Draco sneaked behind his parents' back to see me, screwed me in every way, and then sent me an Owl to invite me to his wedding with Asteria. I don't even think he was being cruel, or even a hypocritical social climber. But Draco has never been very brave, especially when it came to standing up to his parents.

No, my moment of utter stupidity (what was I thinking-that Gryffindors, Hufflepuffs and Ravenclaws would back a Slytherin over the great Harry Potter?) left me shut out everywhere. Except Gringotts. They had no love for Harry Potter for some reason-they actually approached me about a position.

My feelings for Ron crept up on me. I mean, this was a Weasley, the swarm of them were more of a plague than an army of Potters. But the more time I spent with him, without his brothers (I include Potter in this) the more I liked him. He always could make me laugh, you see. And he never was afraid of anything, and after Draco and all I'd had to do to soothe a thousand jitters, that was bloody attractive.

And then-it was a small moment, but I caught him staring at my legs, and to test his reaction, I crossed them, letting my skirt rise higher, swinging one leg and watching his eyes track its movement back and forth. I admit, after Draco, that focused attention made me feel powerful; it made me feel fucking fabulous.

And you can bet the thought of Granger's reaction if she knew her precious Ron found me shaggable-well, excuse me if I have no love for that frowsy cow. It's beyond her being a mudblood. She's always been absolutely impossible to like, her having to let everyone know how bloody lucky the entire wizarding world is to have her, how much more brilliant she is than anyone around her.

Including her husband.

It came out in all those self-deprecating jokes, all the "funny" little stories Ron told.

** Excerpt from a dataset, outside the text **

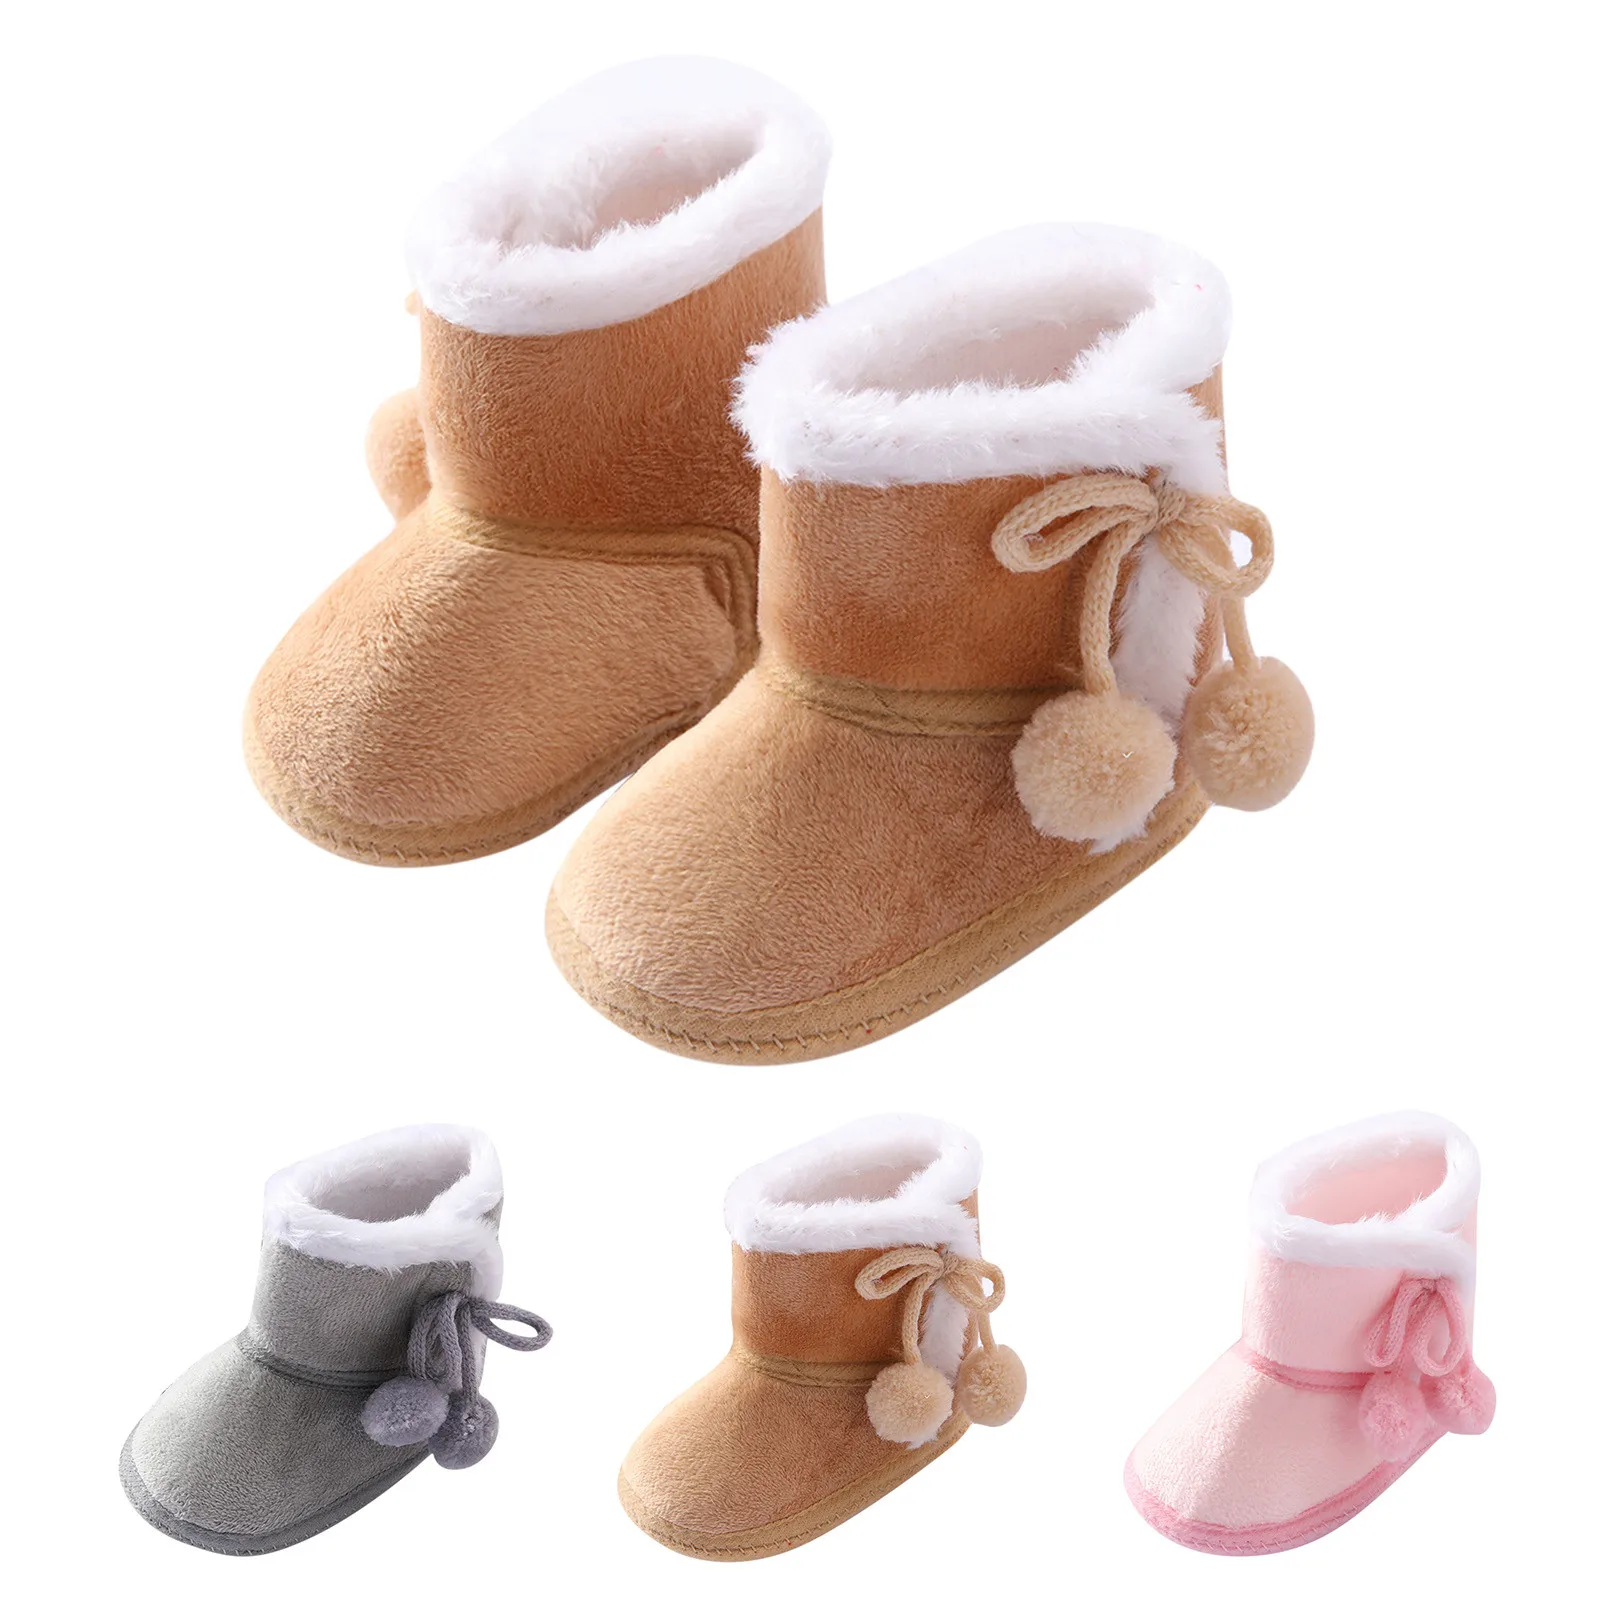 Baby Girls Boys Soft Booties Snow Boots Infant Toddler Newborn Warming Shoes Saingace Baby Shoes 
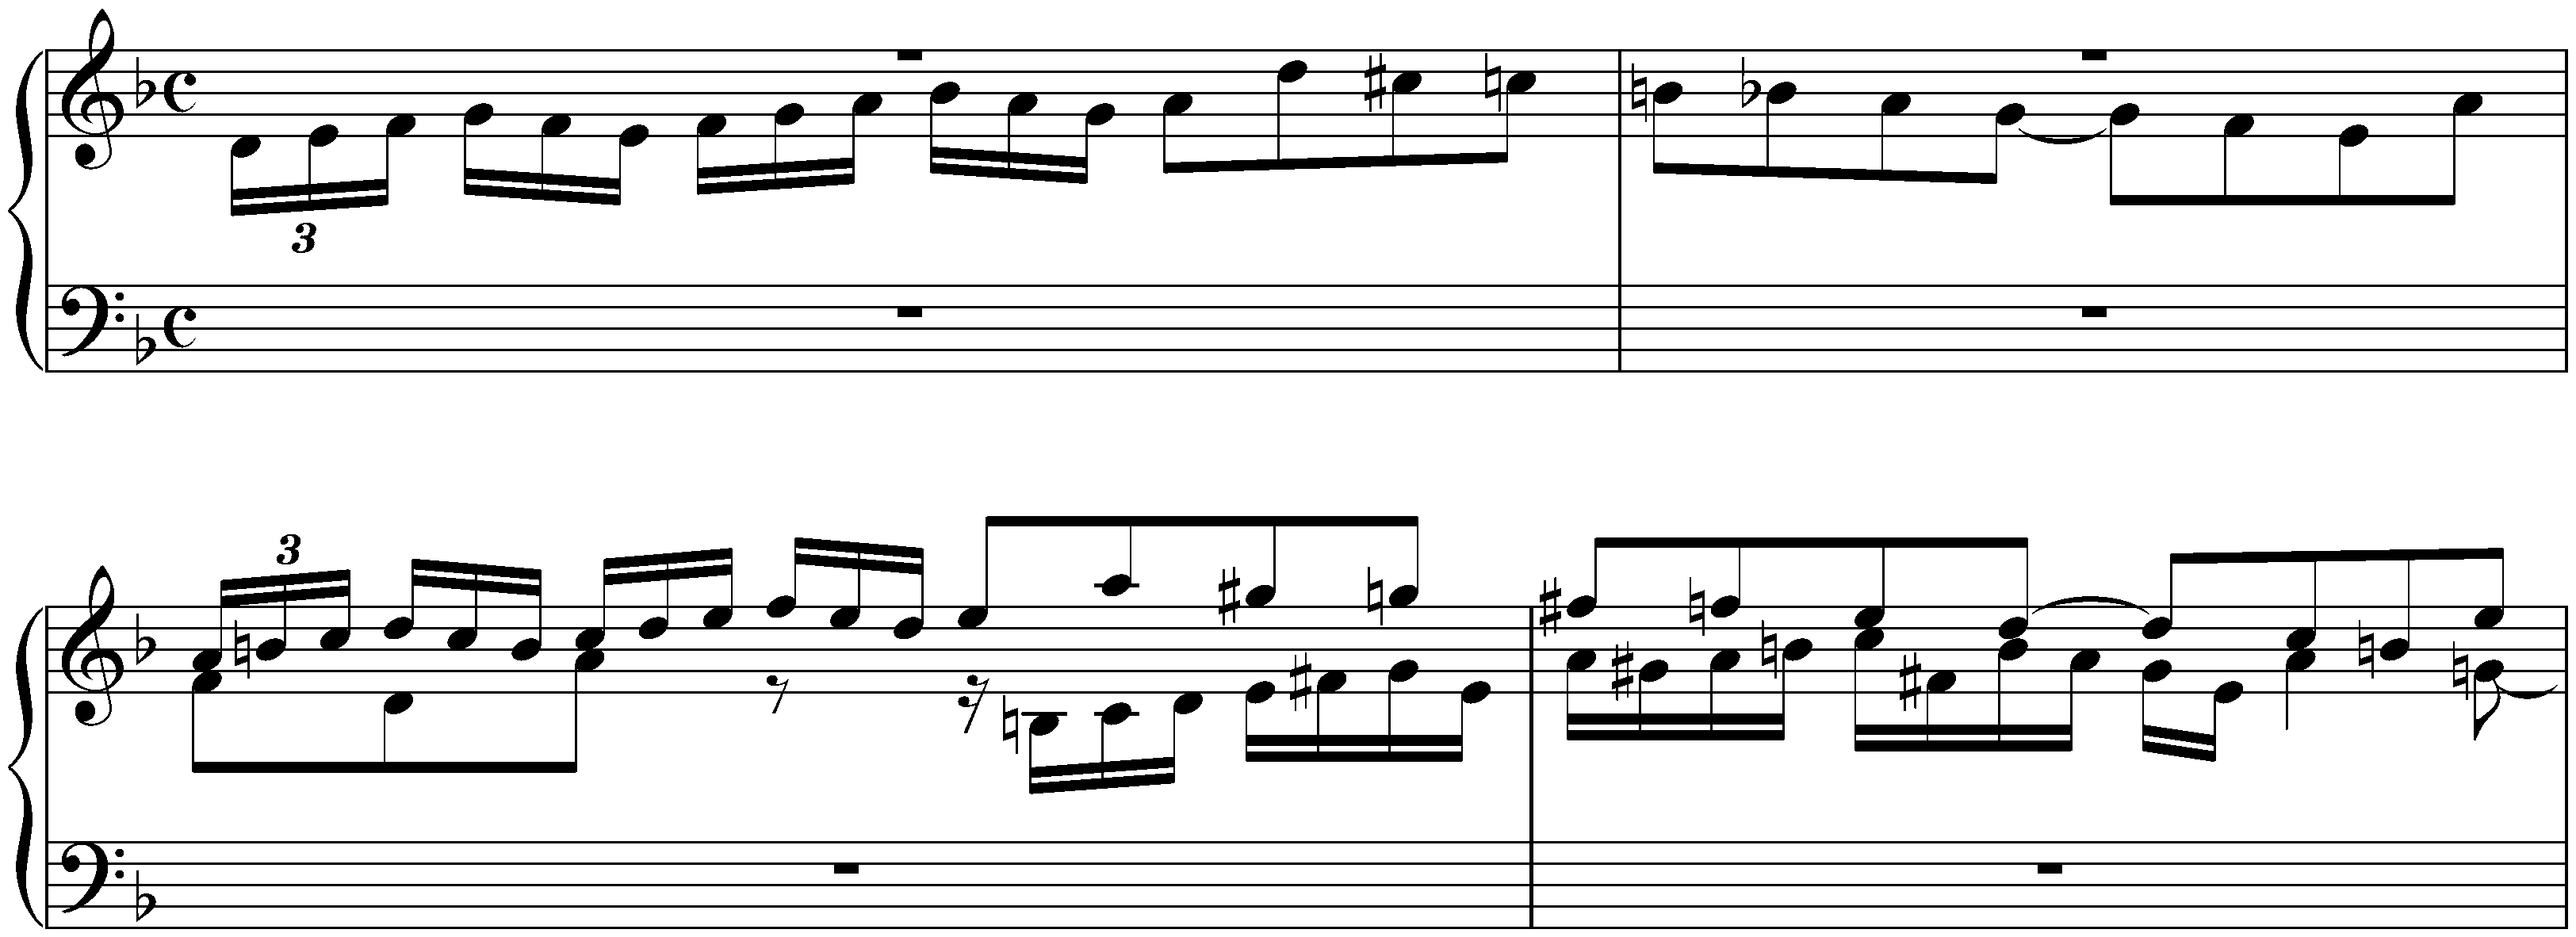 The Well-Tempered Clavier, Book 2, BWV 870–893; 6. D minor, BWV 875, Fugue

Until I realised all that hatred I felt was funnelling and collapsing down to one thing.

She had him.

I didn't. And never would.

I looked now out the window and I saw a man slowly treading towards our door down our cobblestone path. When he came out of the shadows, I saw that thatch of ginger hair and I gasped. I ran to the door but as I turned the knob I heard the pop of Apparition, and I knew, I knew then as I flung open the door.

He was gone.

I probably won't ever even know what brought him to the path to my door. But I know what took him away from me.

Her.

Yet, I find I'm strangely proud of him. That the way he returned to her is part of what makes Ron Weasley worth a thousand Draco Malfoys.